A review published in 2003 in the Cleveland Clinic Journal of Medicine stated that while weight gain is a possible side effect with SSRI antidepressant drugs, it may be more likely to occur after six months or more of use.

But SSRIs aren't the only class of antidepressants that may have weight gain as a side effect. Other antidepressant medications, including tricylics (like Elavil and Tofranil) and MAO inhibitors (drugs like Parnate and Nardil), may also cause patients to gain weight with both long-term and short-term use.

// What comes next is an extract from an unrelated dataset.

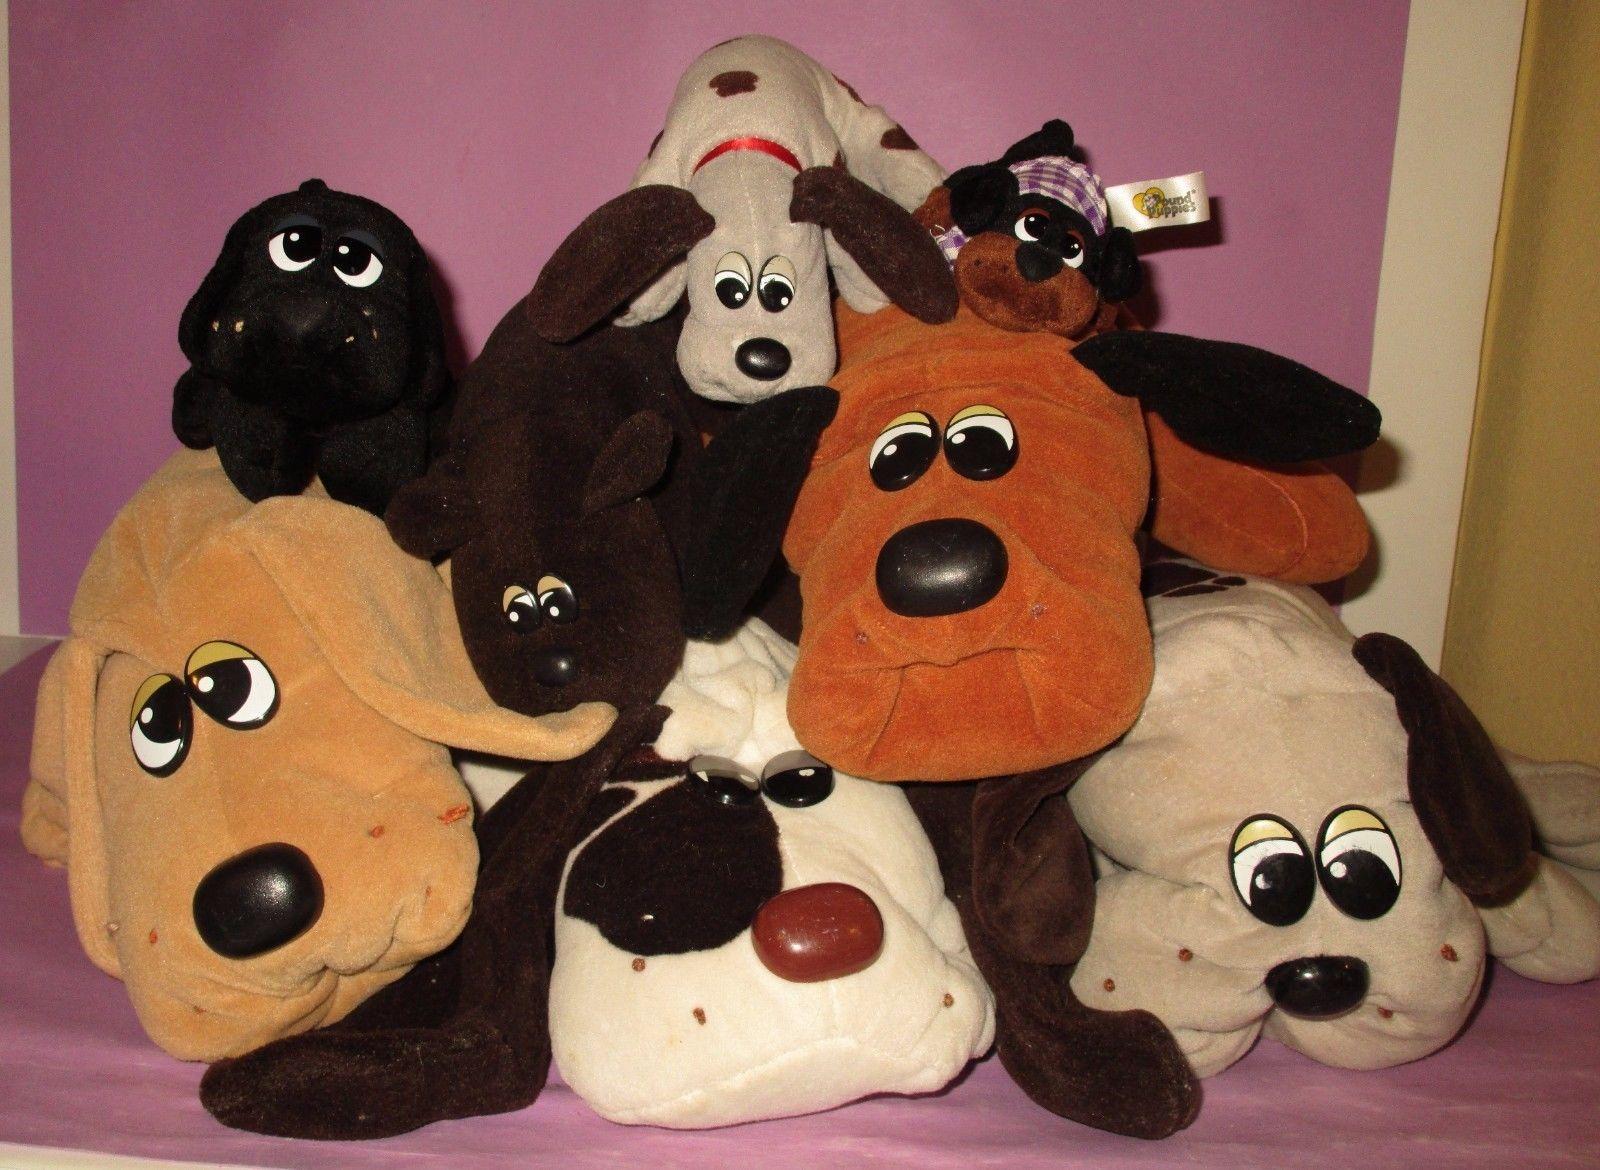 Tonka Pound Puppies Plush Doll 15 listings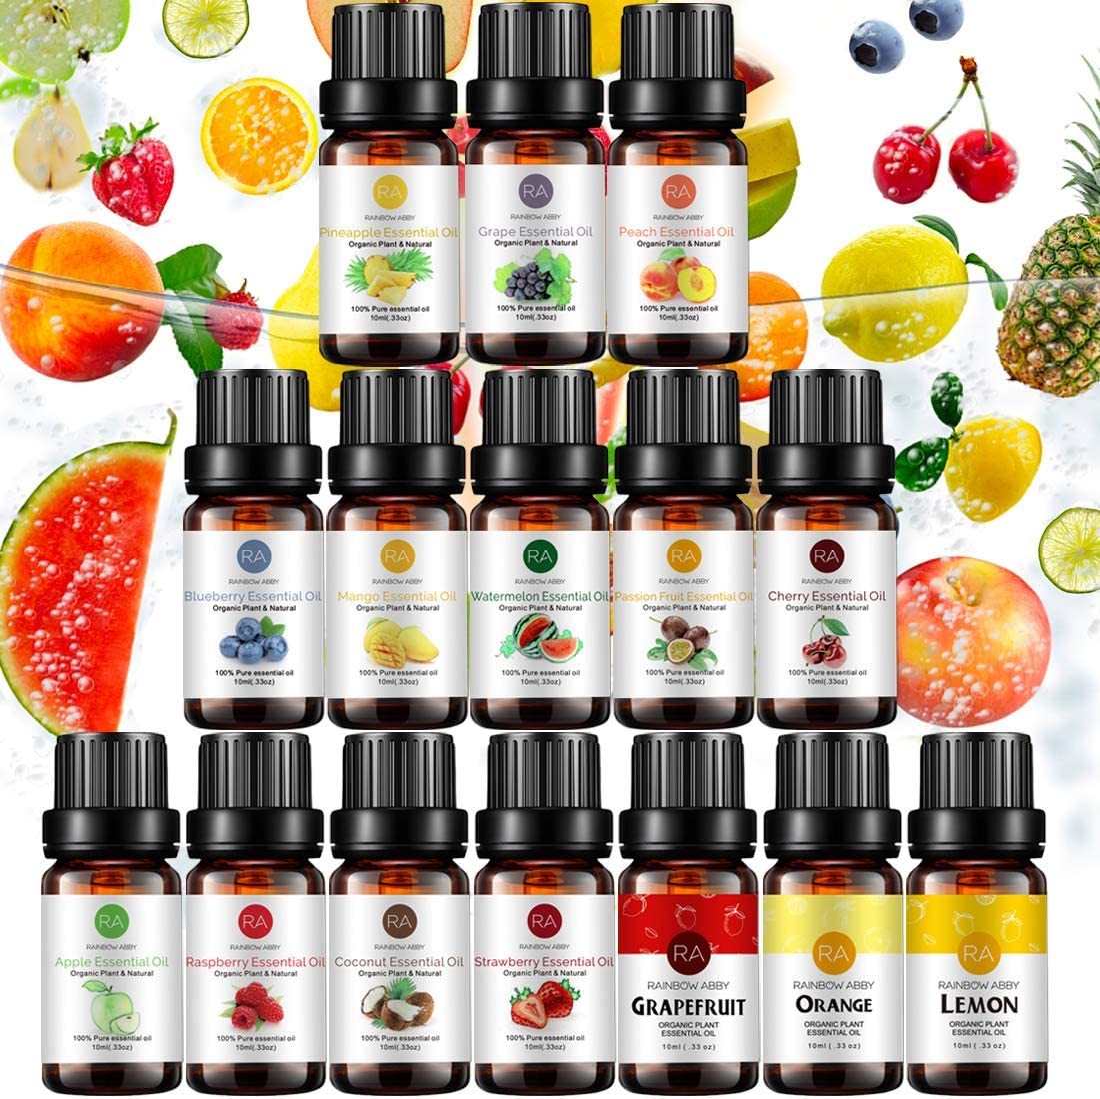 Top 15 Fruit Essential Oil Set 10ml, Aromatherapy 100% Pure Essential Oil (Grapefruit, Coconut, Peach, Strawberry, Mango, Apple, Watermelon, Orange, Lemon, Cherry, Pineapple, Blueberry, Grape, etc.)

"This is clearly a problem for the majority of drugs used to treat depression, and while it doesn't occur with every drug or for every person, when it does happen, it can be a significant problem that we shouldn't just ignore," says Jack E. Fincham, PhD, RPh, professor of pharmacy practice at the School of Pharmacy at the University of Missouri at Kansas City, and author of The Everyday Guide to Managing Your Medicines.

Antidepressants and Weight Gain: What Happens and Why

Although there are a number of theories as to why antidepressants lead to weight gain, Sussman believes that both appetite and metabolism may be affected. 

"I have had patients who swear that they are not eating any more, but still gaining weight, so that tells us there is some kind of metabolic influence going on; I have also had patients tell me that they are not only more hungry and eating more, but that the medicines are encouraging a carbohydrate craving that is hard to control, so we know appetite also plays a role," he says.

Fincham says antidepressants may also simply help us to rediscover pleasure in our life -- including food.

"It might be a situation where someone feels so much better when taking an antidepressant that lots of things suddenly start feeling more pleasurable to them, and food is just one of them. So in this instance they may actually be overeating and not even realize they are doing so, says Fincham.

Findings from a group of Italian researchers published in the journal Psychotherapy and Psychosomatics suggest that the simple act of recovery from depression may play a role in the weight gain.